**Data segment**
[Start of section]

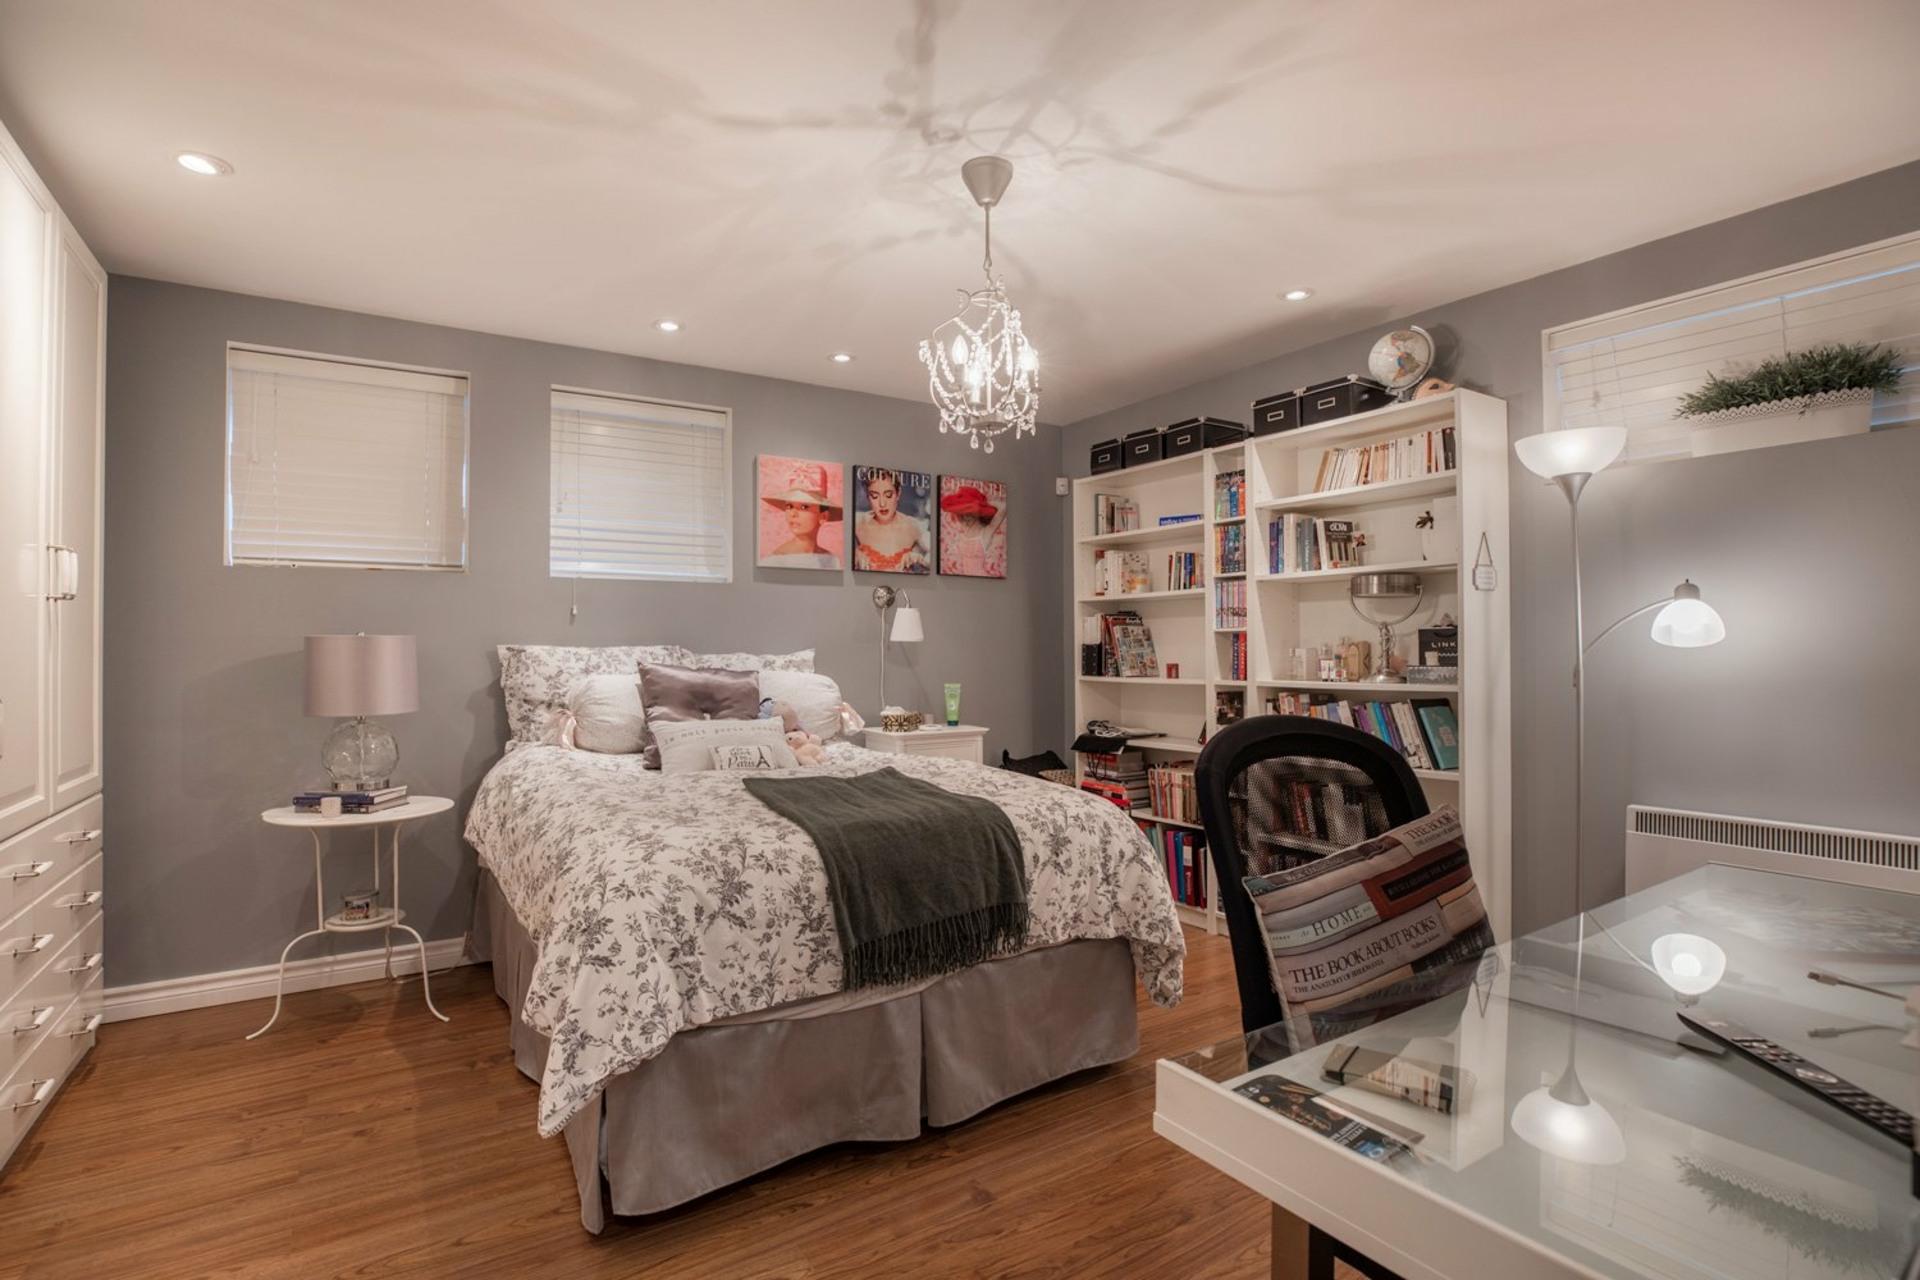 image 22 - House For sale Ahuntsic-Cartierville Montréal  - 8 rooms
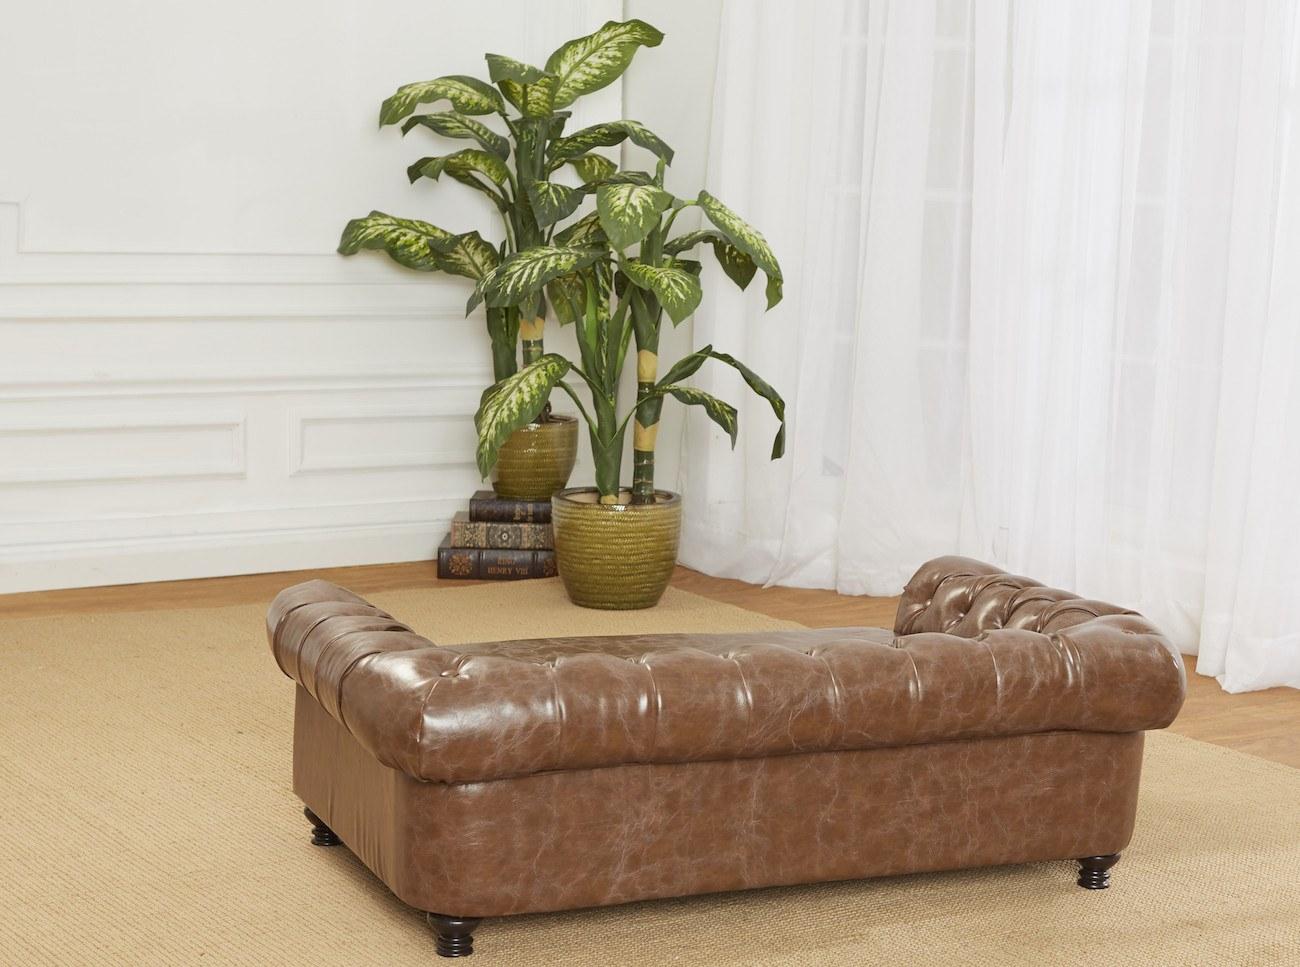 Wentworth Tufted Dog Sofa
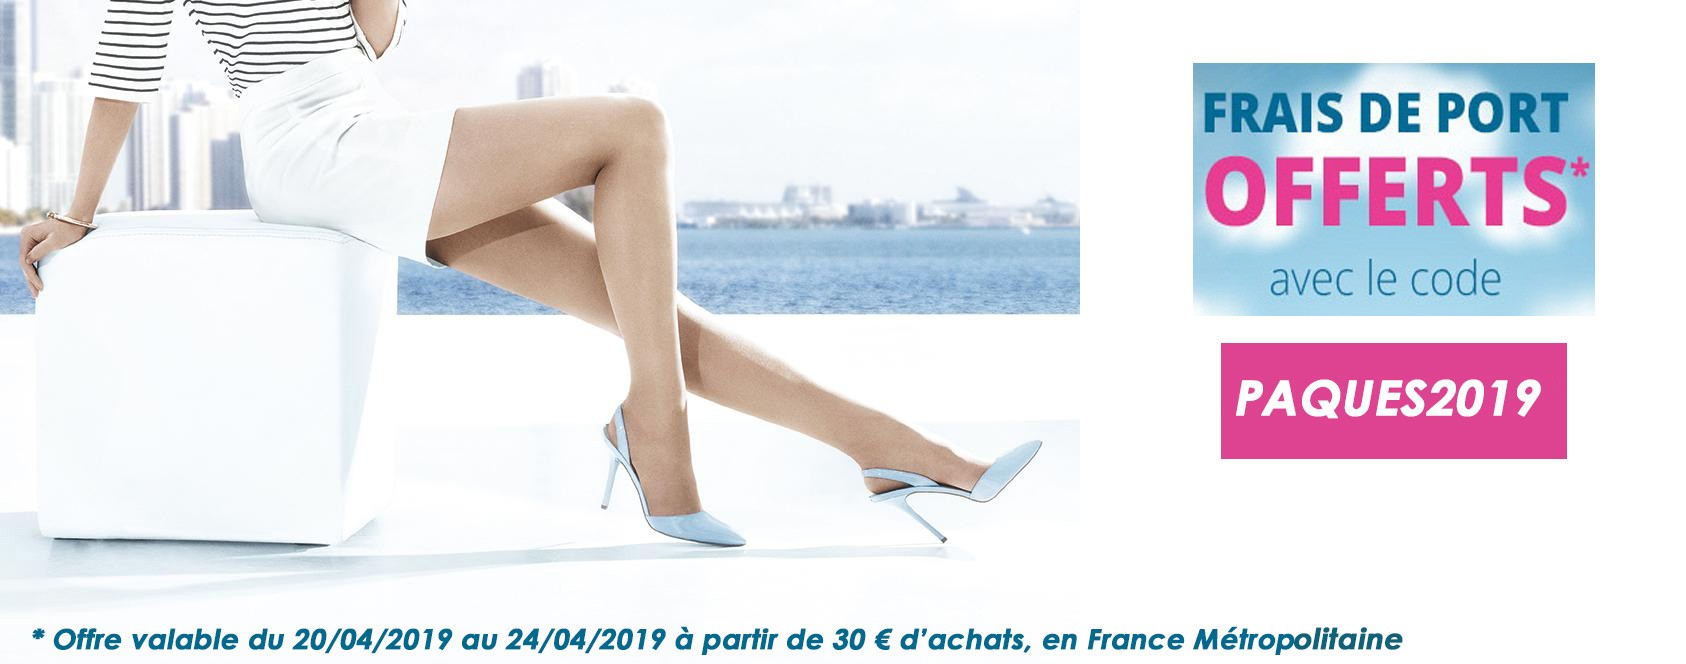 Les frais de port sont offerts sur collant.fr jusqu'au 24 avril minuit
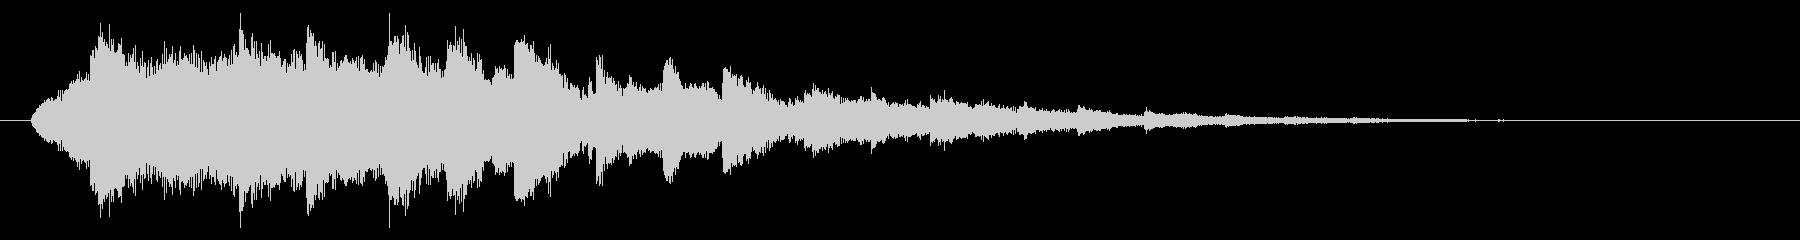 ベル系☆パソコン起動音風ジングル 3の未再生の波形

[End of section]

**Work order**
Recopy the whole listing above precisely, excluding images.

**Task solution**
 image 22 - House For sale Ahuntsic-Cartierville Montréal  - 8 rooms
 Wentworth Tufted Dog Sofa
 Les frais de port sont offerts sur collant.fr jusqu'au 24 avril minuit
 ベル系☆パソコン起動音風ジングル 3の未再生の波形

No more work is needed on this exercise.